Monday, May 7, 2007

Format Obsolescence: the Prostate Cancer of Preservation

This is the second post in a series on format obsolescence. In the first I argued that it is hard to find a plausible scenario in which it would no longer be possible to render a format for which there is an open-source renderer.

In the long run, we are all dead. In the long run, all digital formats become obsolete. Broadly, reactions to this dismal prospect have taken two forms:

- The aggressive form has been to do as much work as possible as soon as possible in the expectation that when format obsolescence finally strikes, the results of this meticulous preparation will pay dividends.

-The relaxed form has been to postpone doing anything until it is absolutely essential, in the expectation that the onward march of technology will mean that the tools available for performing the eventual migration will be better than those available today.

I will argue that format obsolescence is the prostate cancer of digital preservation. It is a serious and ultimately fatal problem. If you were to live long enough you would eventually be diagnosed with it, and some long time later you would die from it. Once it is diagnosed there is as yet no certain cure for it. No prophylactic measures are known to be effective in preventing its onset. All prophylactic measures are expensive and have side-effects. But it is highly likely that something else will kill you first, so "watchful waiting", another name for the "relaxed" approach, is normally the best course of action.

The most important threat to digital preservation is not the looming but distant and gradual threat of format obsolescence. It is rather the immediate and potentially fatal threat of economic failure. No-one has enough money to preserve the materials that should be preserved with the care they deserve. That is why current discussions of digital preservation prominently feature the problem of "sustainability".

The typical aggressive approach involves two main activities that take place while a repository ingests content:

- An examination of the incoming content to extract and validate preservation metadata which is stored along with the content.
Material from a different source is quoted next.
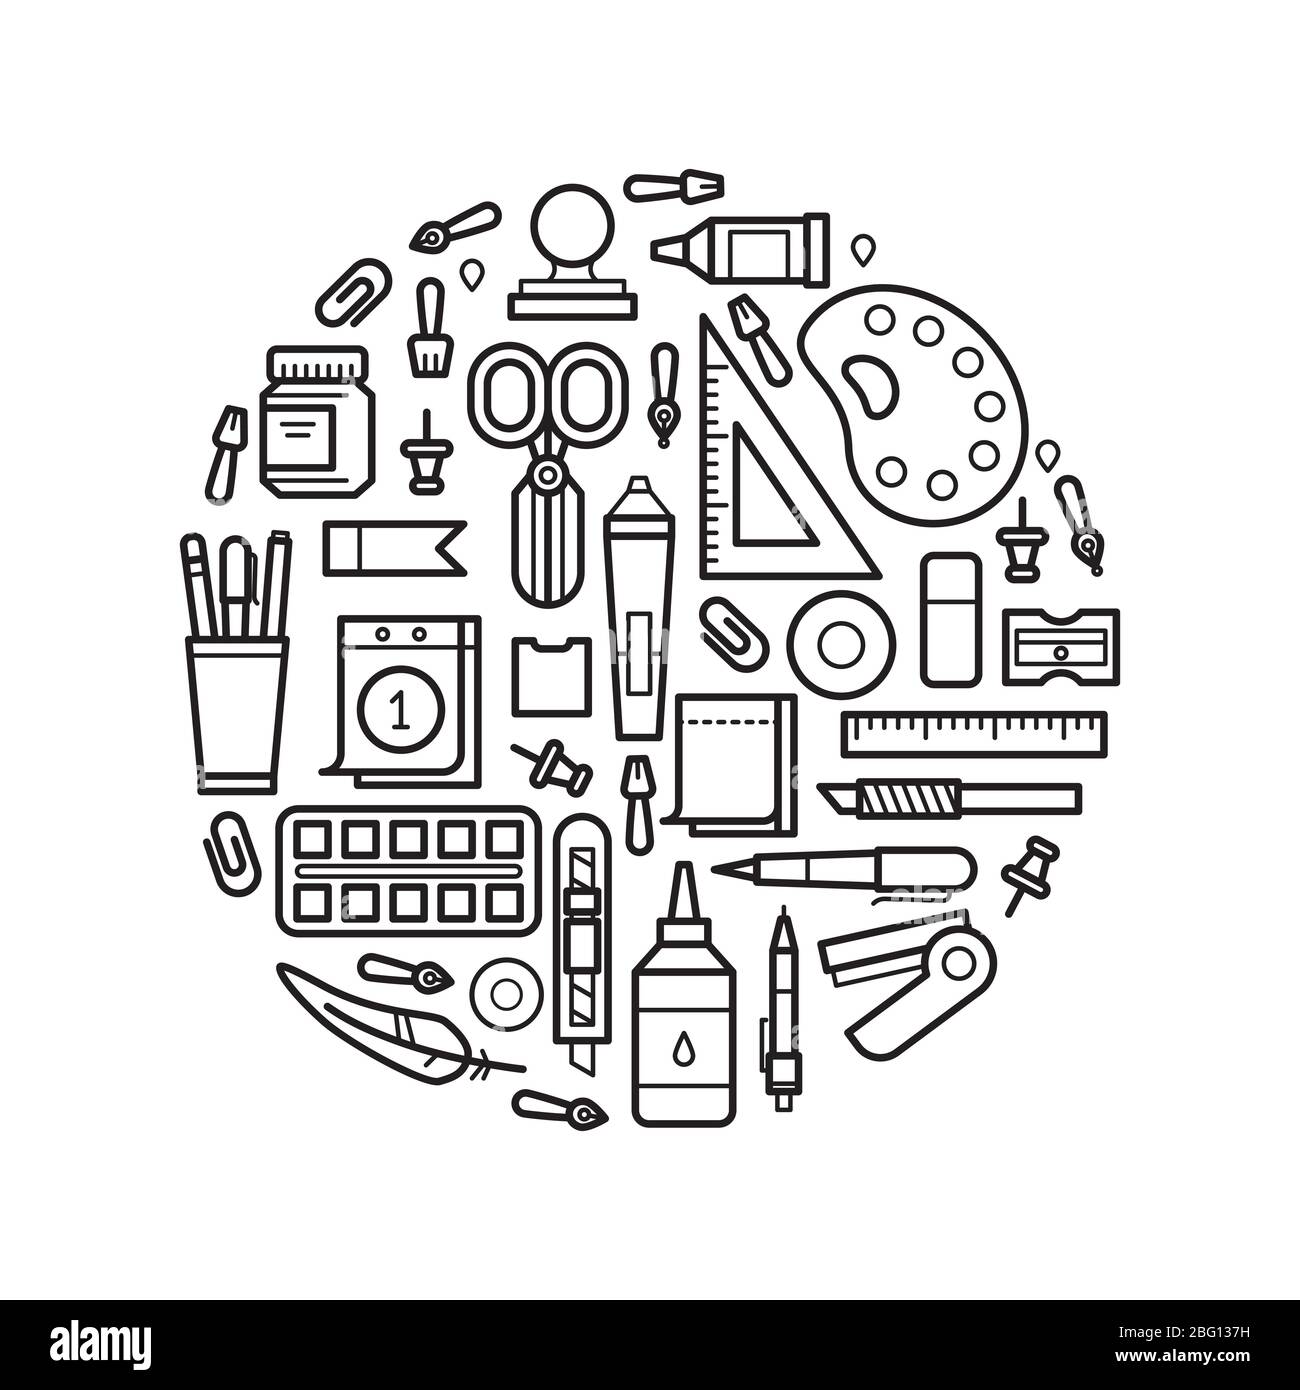 Office stationery linear icons isolated on wihite backgound. Vector illustration Stock Vector

The metadata includes a detailed description of the format. The expectation is that detailed knowledge of the formats being preserved will provide the repository with advance warning as they approach obsolescence, and assist in responding to the threat by migrating the content to a less obsolete format.

- The preemptive use of format migration tools to normalize the content by creating and preserving a second version of it in a format the repository considers less likely to suffer obsolescence.
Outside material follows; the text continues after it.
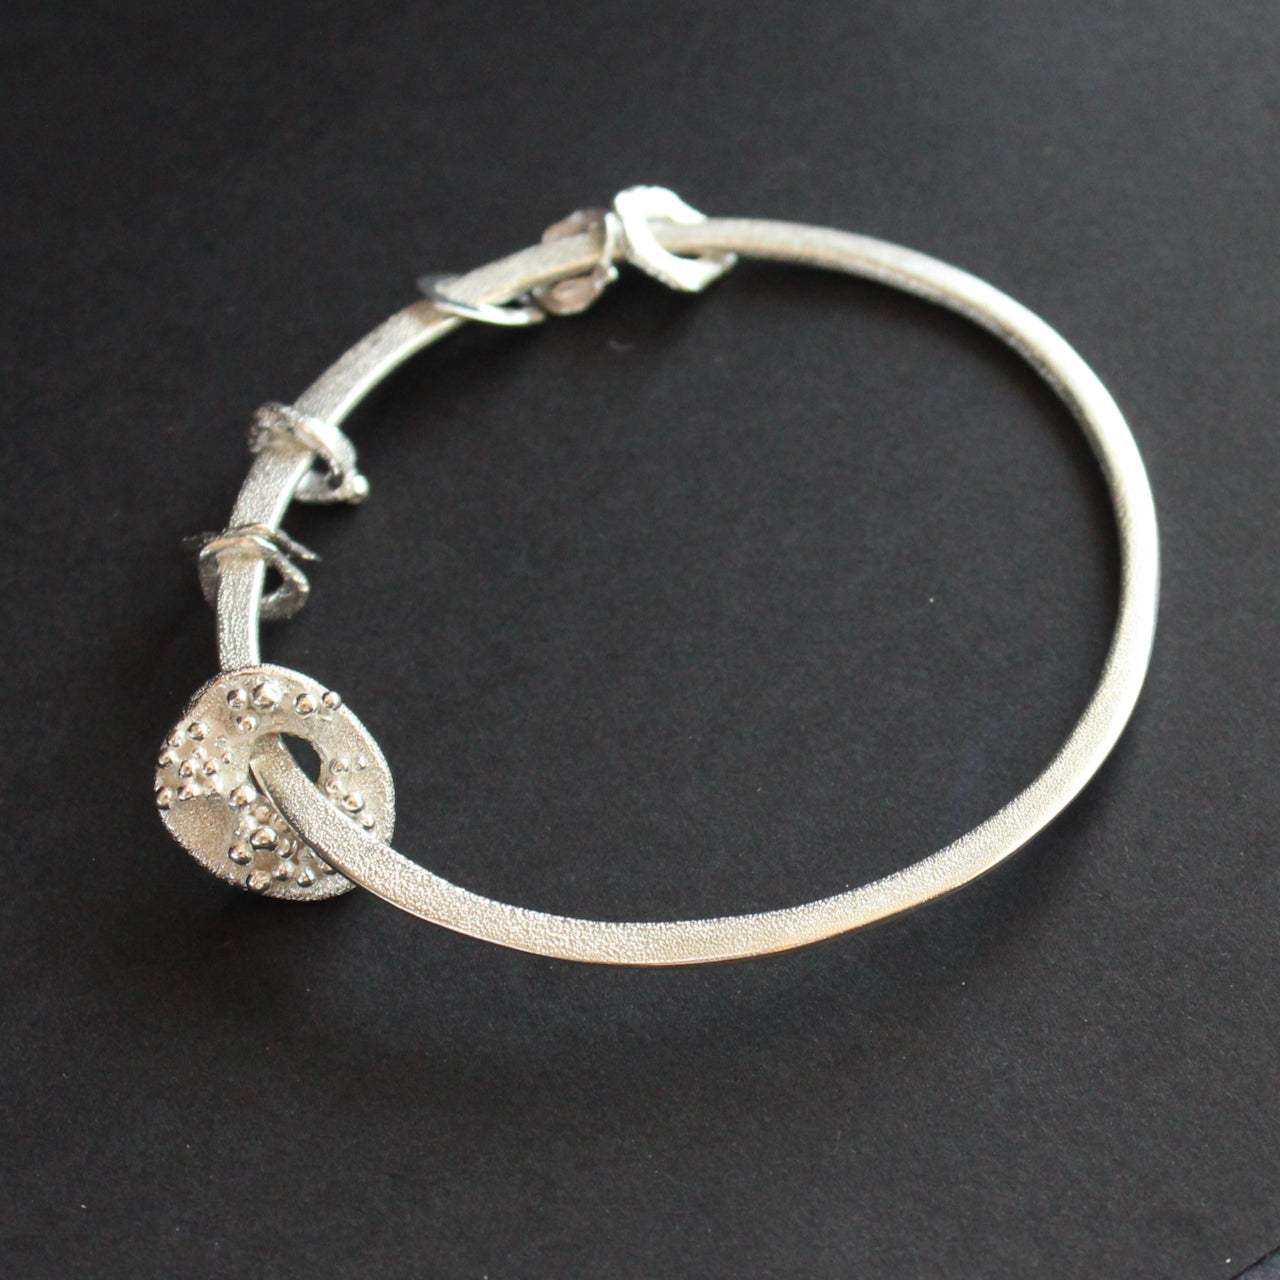 Silver bangle with silver discs of varying sizes on bangle by UK artist Claire Stockings Baker.

The PREMIS dictionary of preservation metadata is a 100-page report defining 84 different entities, although only about half of them are directly relevant to format migration. Although it was initially expected that humans would provide much of this metadata, the volume and complexity of the content to be preserved meant that human-generated preservation metadata was too expensive and too unreliable to be practical. Tools such as JHOVE were developed to extract and validate preservation metadata automatically. Similarly, tools are needed to perform the normalization. These tools are typically open source. Is there a plausible scenario in which it is no longer possible to run these tools? If not, what is the benfit of running them now and preserving their output, as opposed to running them whenever the output is needed?

Since none of the proponents of the "aggressive" approach are sufficiently confident to discard the original bits, their storage costs are more than double those of the "relaxed" approach. The normalized copy of the original will be about the same size, plus storage is needed for the preservation metadata. Further, the operational costs of the "aggressive" ingest pipeline are significantly higher, since it undertakes much more work, and humans are needed to monitor progress and handle exceptions. The best example of a "relaxed" ingest pipeline is the Internet Archive, which has so far ingested over 85 billion web pages with minimal human intervention.
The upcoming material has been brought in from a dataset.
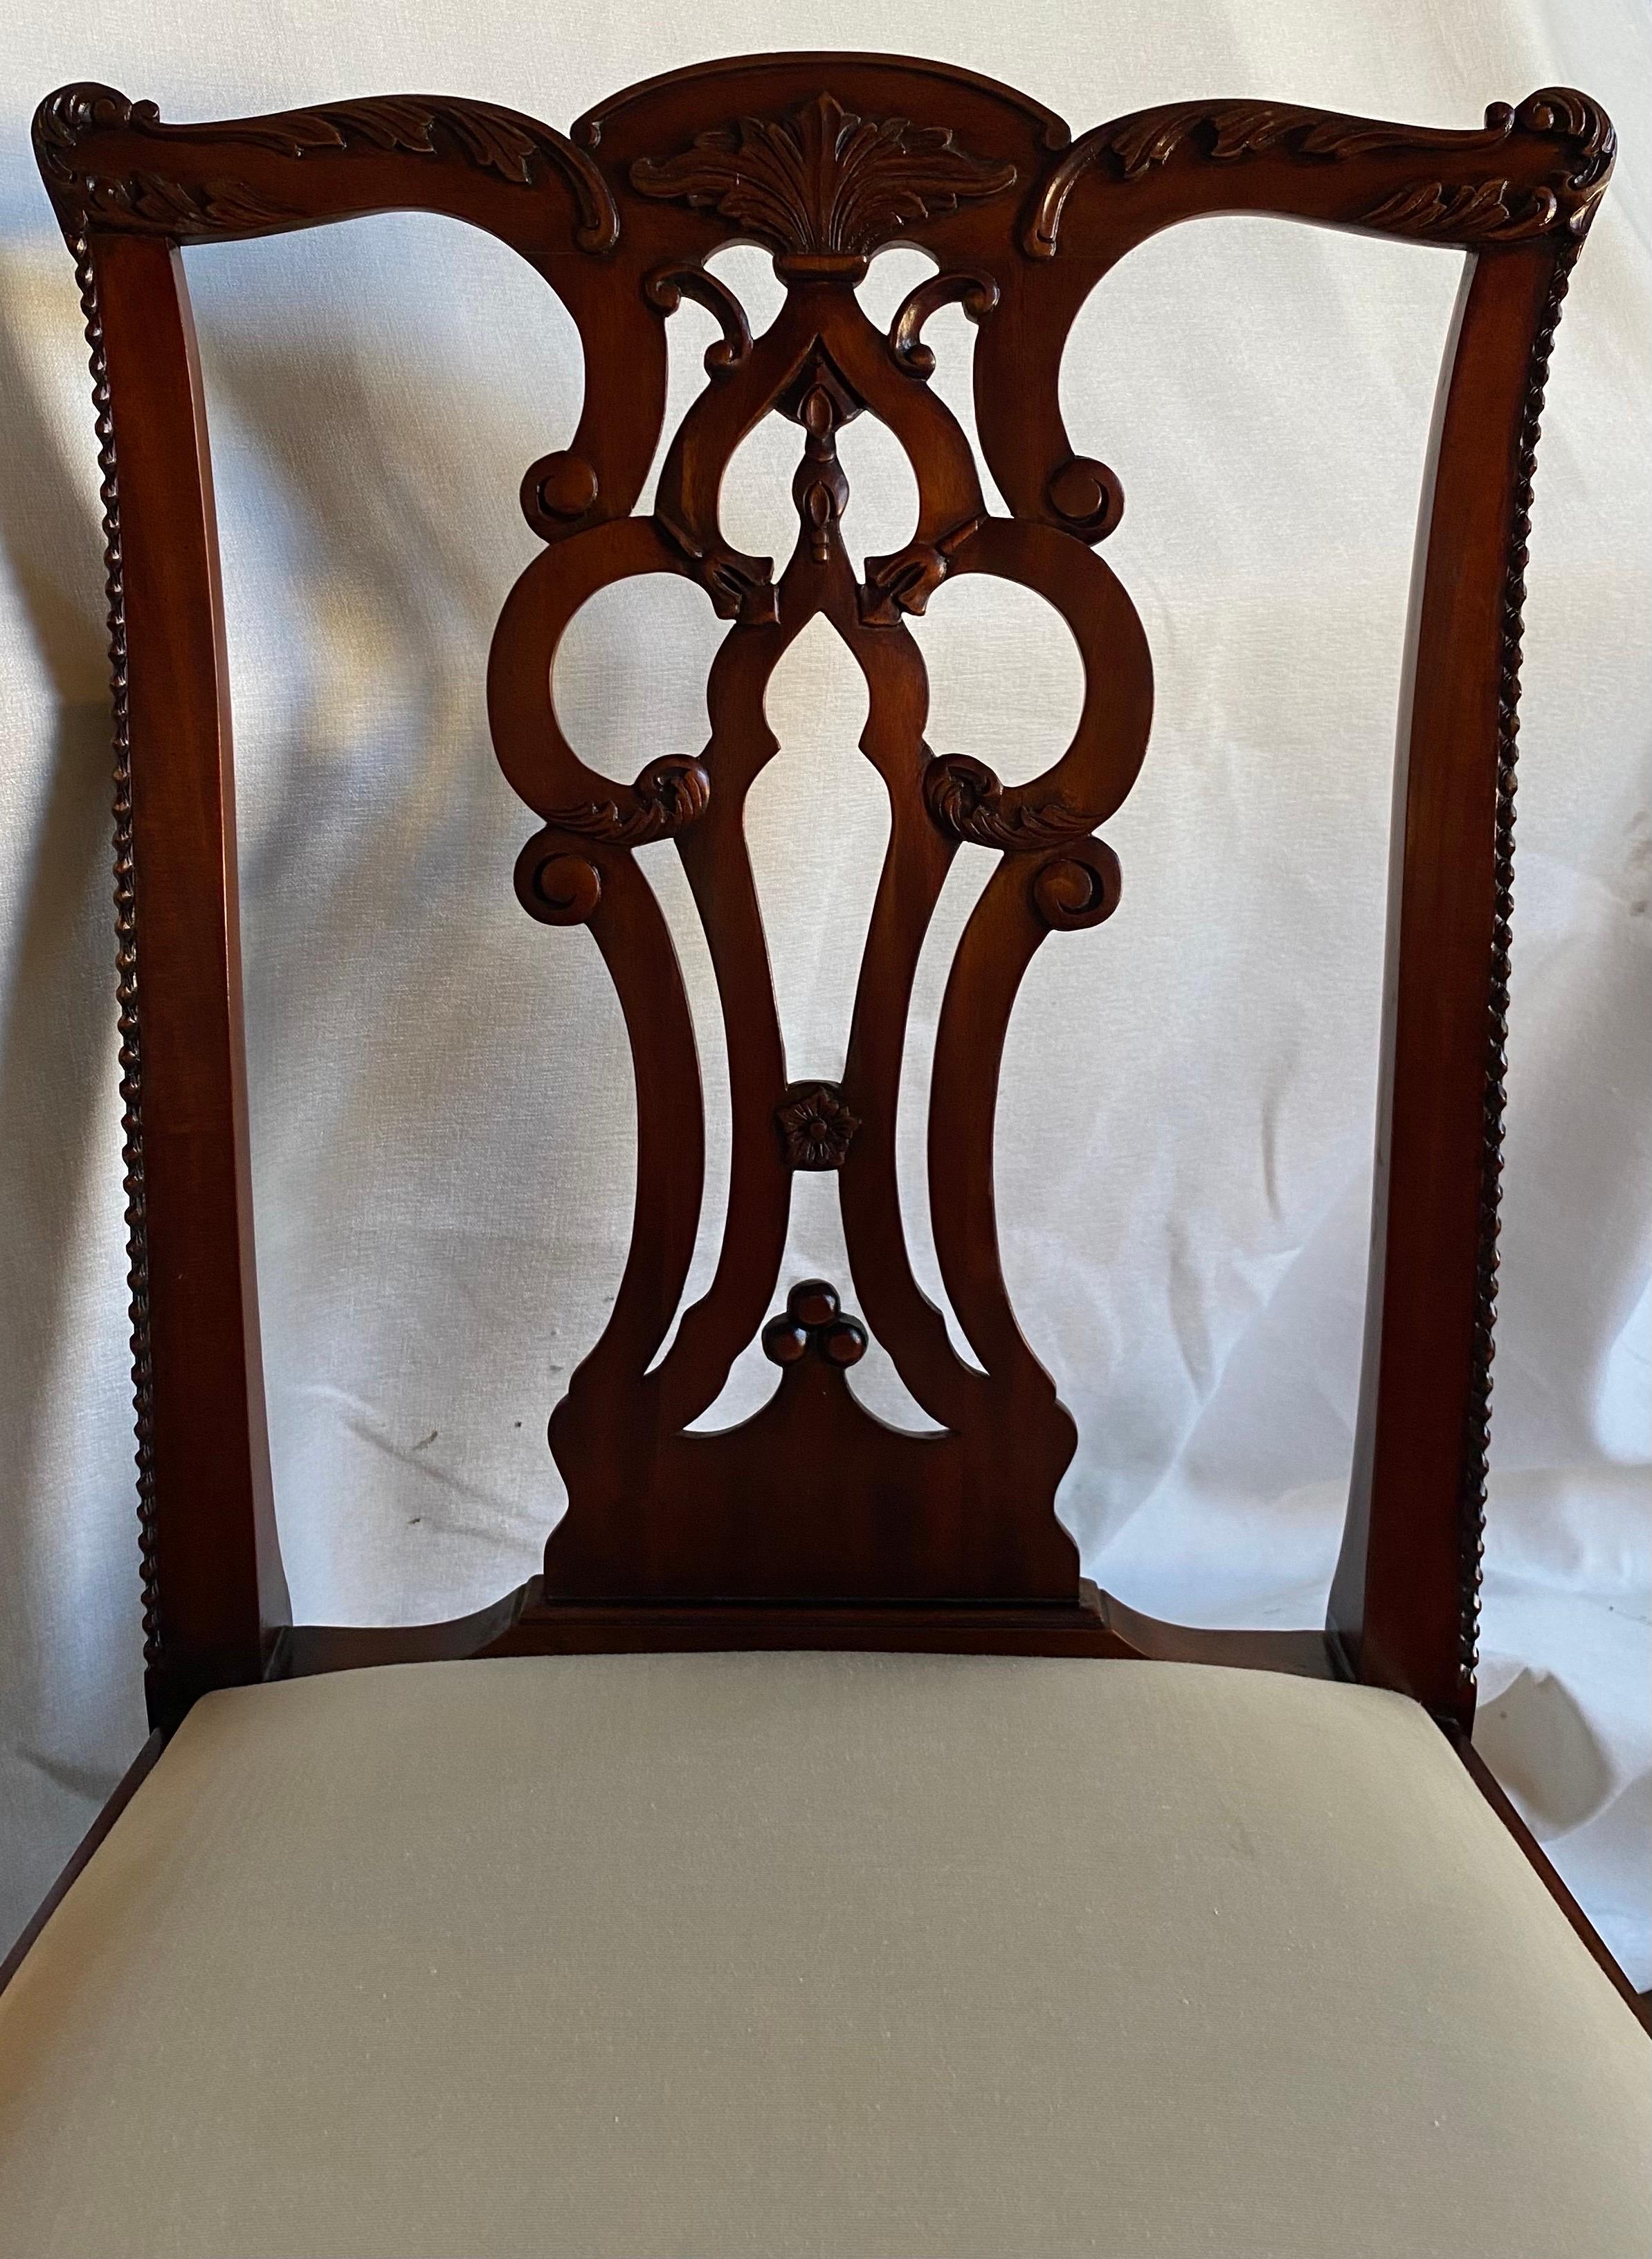 Contemporary Maitland Smith Chippendale Regency Carved Mahogany Dining Side Chairs For Sale

Is there any hard evidence that either preservation metadata or normalization actually increases the chance of content surviving format obsolescence by enough to justify the increased costs it imposes? Even the proponents of the "aggressive" approach would have to admit that the answer is "not yet". None of the formats in wide use when serious efforts at digital preservation of published content started a decade ago have become obsolete. Nor, as I argued in the previous post, is there any realistic scenario in which they will become obsolete in the near future. Thus both preservation metadata and normalization will remain speculative investments for the foreseeable future.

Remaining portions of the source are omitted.